Distracted for the moment from the loaded diaper, Steven played with the cookie, finally managing to crack it open before putting it in his mouth, fortune and all.

“Whoa there, big fella,” his dad said, reaching over and pulling the paper and most of the cookie from Steven’s mouth. “You gotta read the fortune before eating it.”

Betty laughed and just kept eating, glad for the few extra moments, as Frank opened the fortune and read it aloud. “Big fella, it says you will live your life by direct instructions.”

Steven’s father grunted and glanced at Betty before tossing the slip of paper on the table between the dirty plates. “What kinda stupid fortune is that?”

Actually, unknown to either Frank or Betty or the growingly more uncomfortable Fortune Cookie Tyrant, it was a charmed fortune, cursed by the magic of an angry Chinese man whose brother had slept with his wife.

The cookie had been specially made for the man’s brother, with the curse on the fortune intended to let the angry man push his brother around and pay him back for his deed by giving him fortune cookies with really nasty instructions inside. But as luck would have it, the charmed cookie that was to set the entire process in motion was lost in the packing process. Instead of being sent to the angry man who could then give it to his brother, it was added to a shipment headed for the United States, where it ended up in Steven’s hands at Fo Wong’s Emporium and Lounge.

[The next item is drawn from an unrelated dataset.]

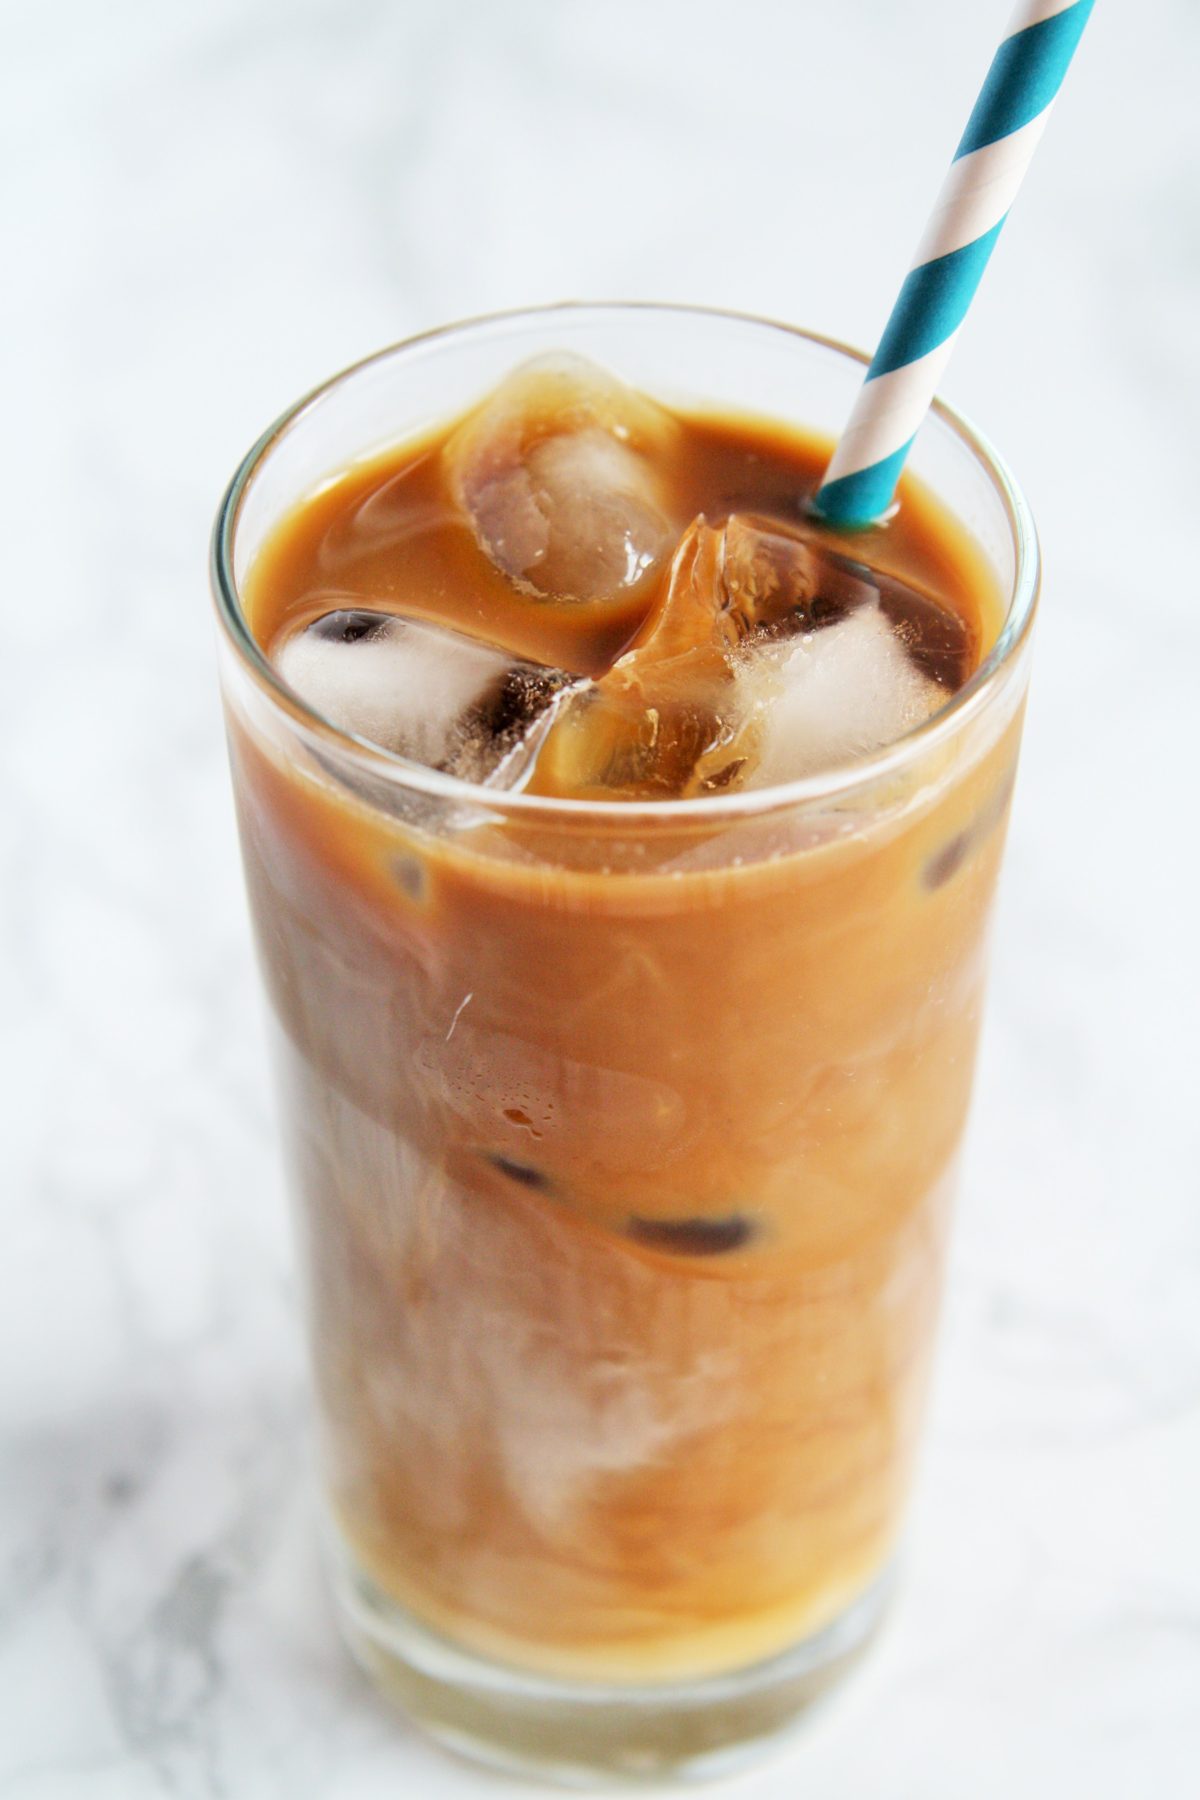 Learn how to make the best overnight cold brew coffee at home - easy, inexpensive, and no special equipment needed! The end result is delicious smooth coffee with less acidity than regular coffee. 

Common sense, wild luck, and a strange curse had come together to change Steven into Fortune Cookie Tyrant, a man whose entire life and therefore the future of the entire world was to be steered by the fortunes included in small desserts.

As life would have it, Steven’s parents were killed the following weekend in a tragic deer hunting accident. Steven was sent to live with his wicked and uncaring aunt who hated Chinese food. Thus it was twenty years and five months before Steven got his next “fortune” and came to realize his true powers for evil.

The date with Amy wasn’t going well. They had met in a freshman United States history class at the university and smiled at each other for a few classes before Steven had had the courage to talk to her, and eventually ask her for a date. Steven, at this point in his life, was not an attractive man. He looked like a bad cross between a nerdy scientist in a movie and Ichabod Crane. He had just finished into his last growth spurt and had the social skills of a stumbling tenth grader, even though he was in college.

Amy was no real catch, either, but for Steven, any woman who agreed to go out with him was someone special. He had fantasized for days about making love to her.

Now, sitting in Amy’s favorite Chinese restaurant, the conversation had lagged and become strained toward the end of dinner, and all Steven could think about was how he was going to get her back to his dorm room and into bed. He had no idea what she was thinking about, and had no idea how to ask her. In fact, he had no idea at all what to even talk about next. It was that sort of uncomfortable moment.